Trading difficulties with Europe emerged as a major issue for companies in both financial and business services and manufacturing, “although there were signs of emerging confidence in both sectors”. Turning to construction, confidence also remained muted as costs spiralled, although the contracts pipeline remained in positive territory.

SCC president Tim Allan commented on the survey, which took place between February and March with 370 firms responding, and is said to be Scotland's longest-running economic survey of its kind.

He said: “Businesses in Scotland are close to exhaustion as they continue the slog through some of the most challenging trading conditions in modern history… serious questions over how long trading will continue to be limited remain while businesses trading with the EU have faced fresh difficulties at the border.

“At the end of a full 12 months of trading restrictions, there were a few signs of optimism as businesses looked forward to the effectiveness of the vaccination program, highlighting the resilience of those that have survived the pandemic. However, now is not the time to drop the ball… governments new and not so new must commit to this and give them the best possible deal if we are to create jobs and return to sustainable growth.

“Ahead of the elections, SCC has called on Scottish ministers to pass a Business Growth Act within the first 100 days of the government to address the most urgent issues facing businesses right now, including reducing upfront business costs, boosting international trade and upskilling our workforce.


"Fundamentally, we need the Scottish government to reset its relationship with business so that ministers are speaking the same language of growth, jobs and economic prosperity.”

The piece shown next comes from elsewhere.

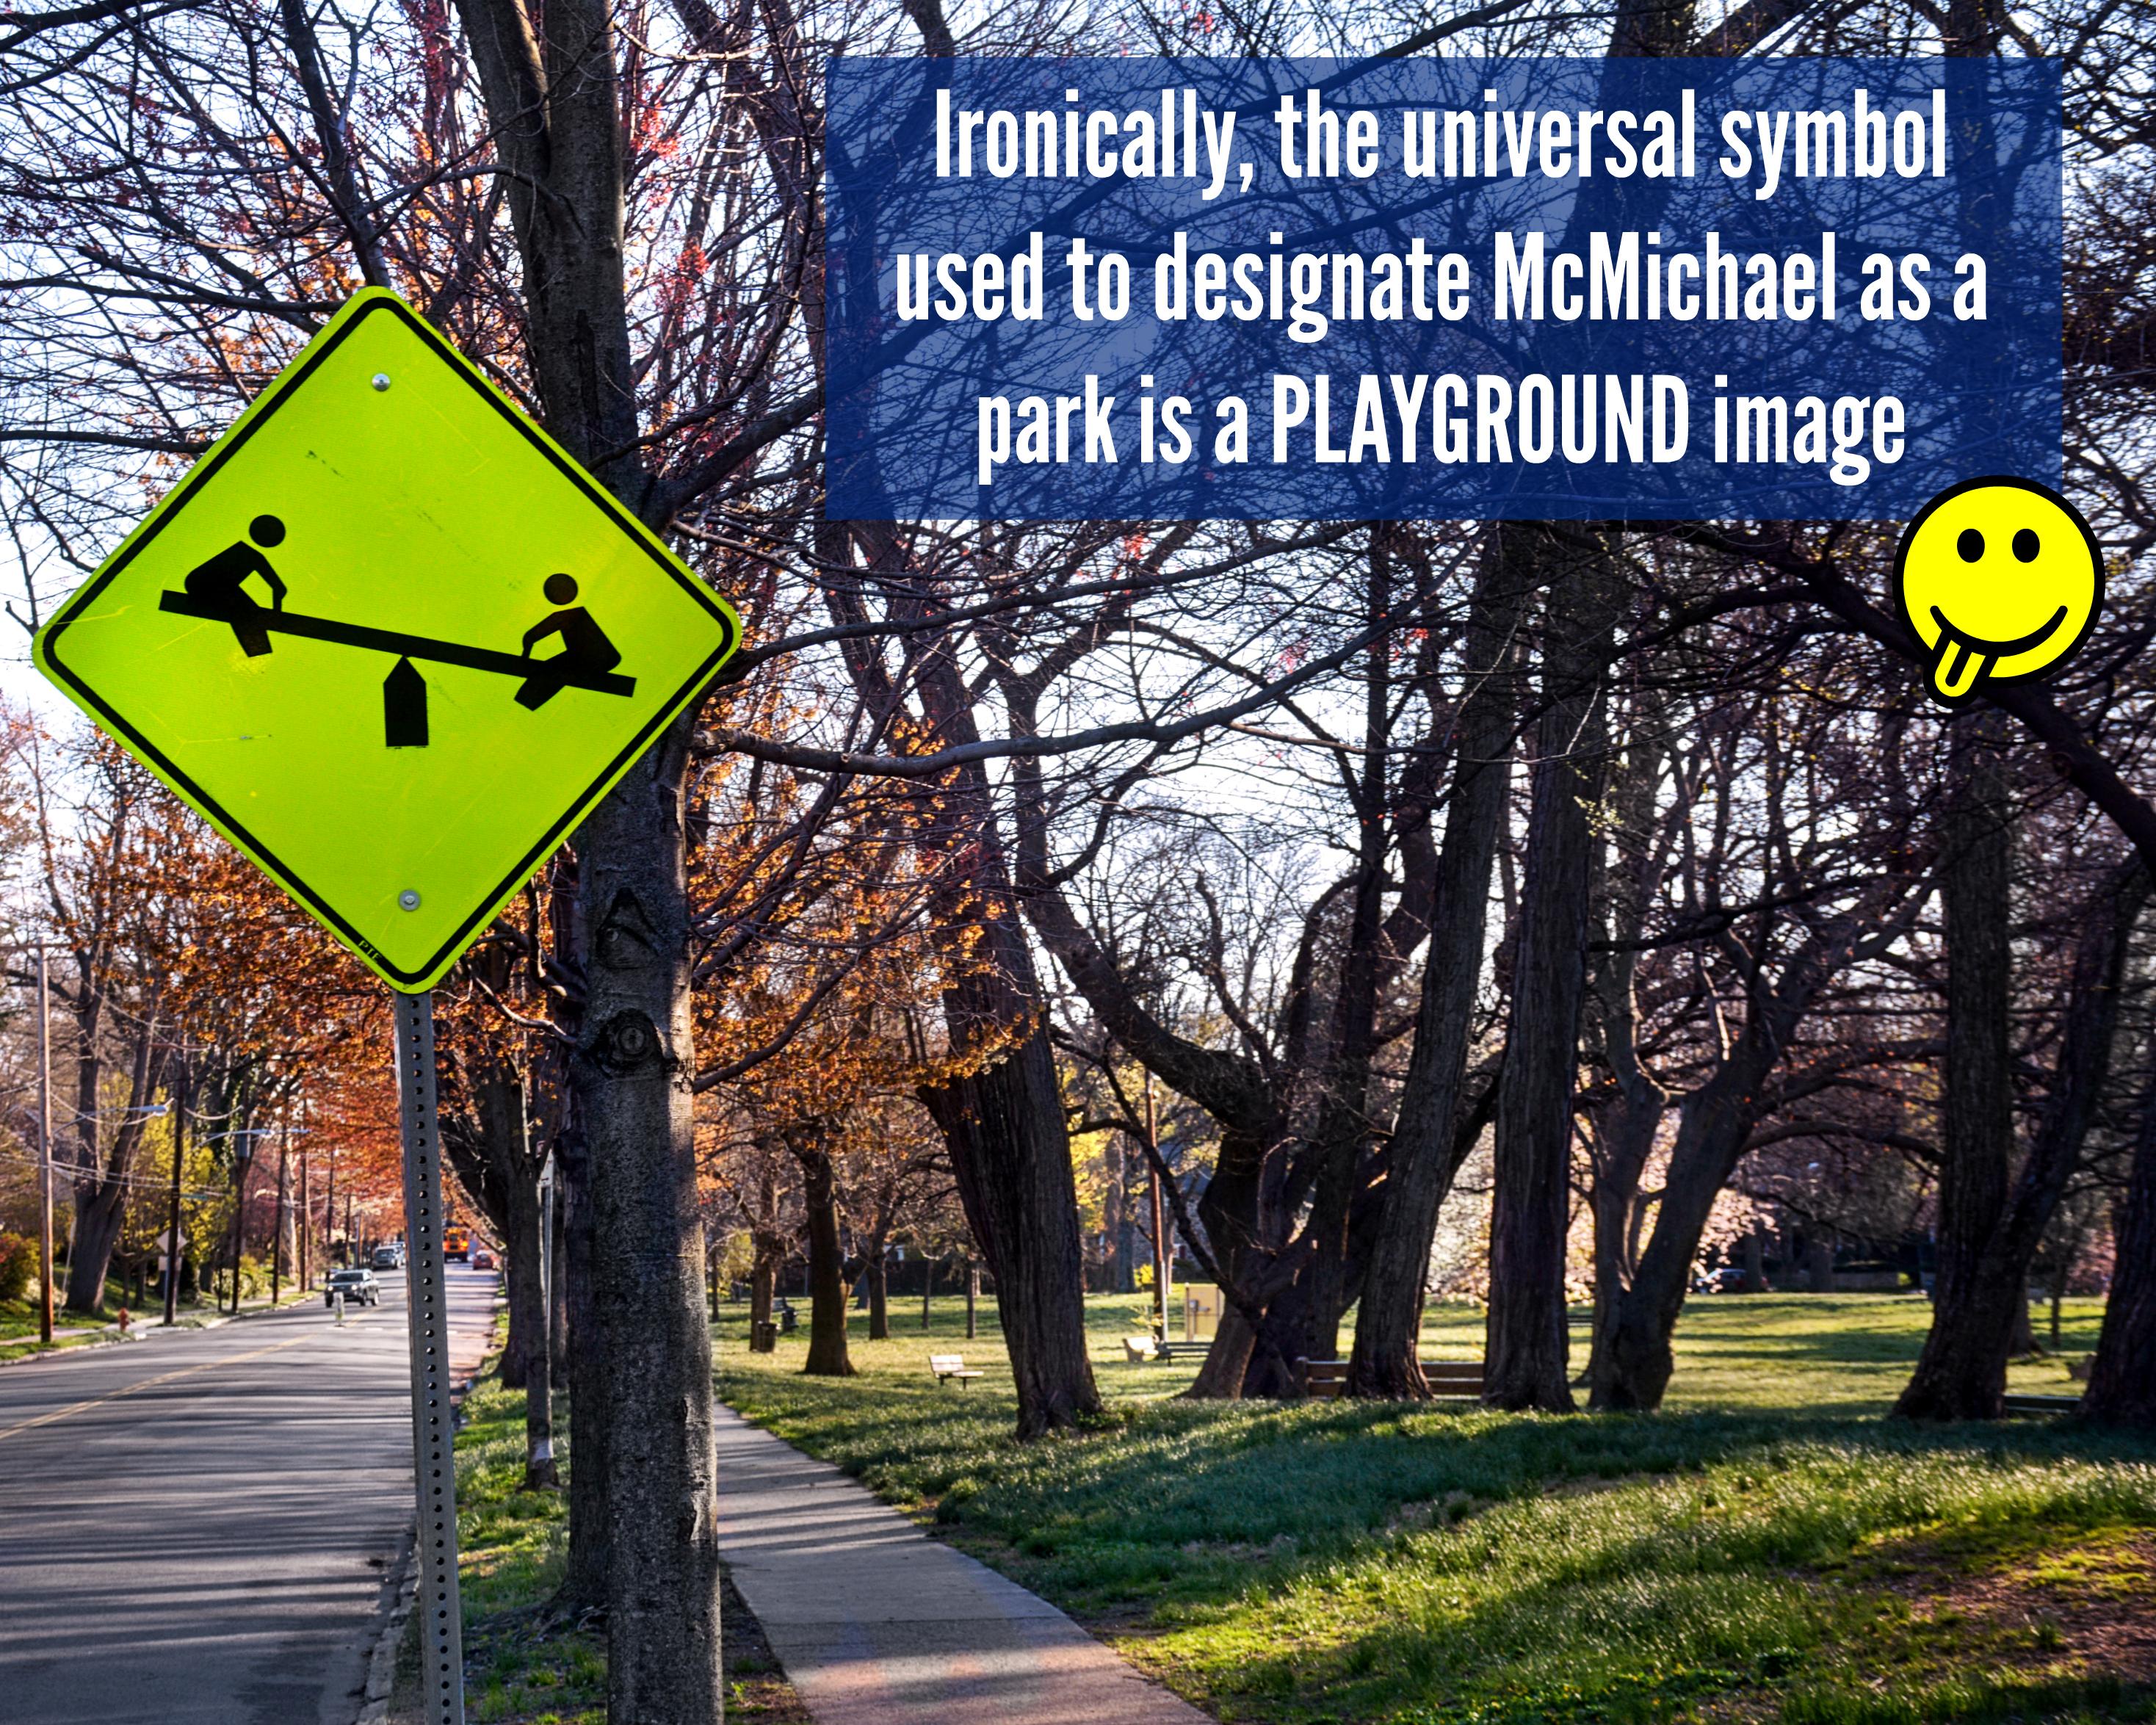 EastFallsLocal 4-8 mcmichael park sign teeter totter RESIZED text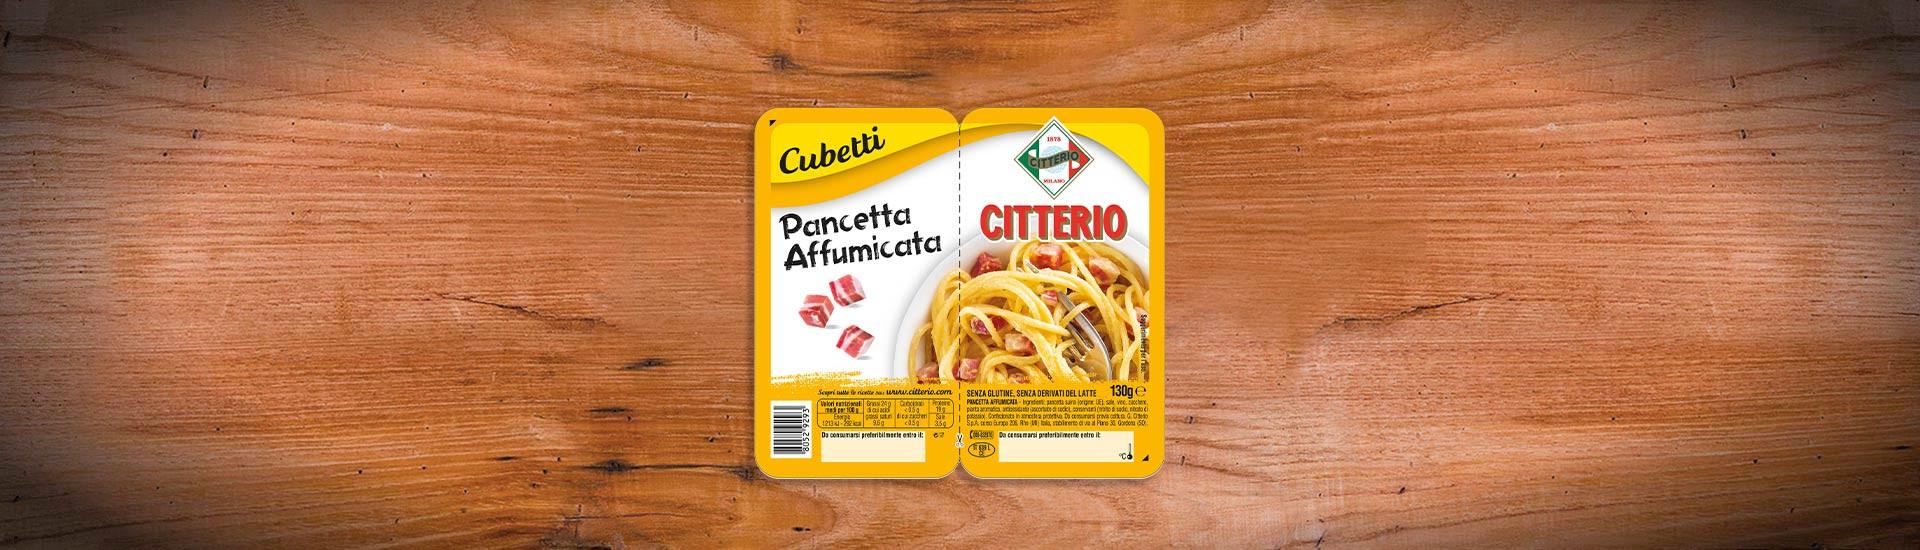 Pancetta Affumicata Citterio Cubetti

Mairi Spowage, director at the University of Strathclyde's Fraser of Allander Institute, noted the imminent Scottish election, adding: “There is little doubt that getting the private sector back on its feet is an important cog in the wheel that will move us forward.

"Any future government activity in this area will need to be flexible and responsive, and credibility and focus will be required in helping the private sector navigate its way out of this crisis with as many good quality jobs intact as possible.”

Additionally, the SCC’s chief executive Dr Liz Cameron addressed some loosening of lockdown restrictions in Scotland – but said the announcement “has not offered solace for businesses who are ready to safely open up now”.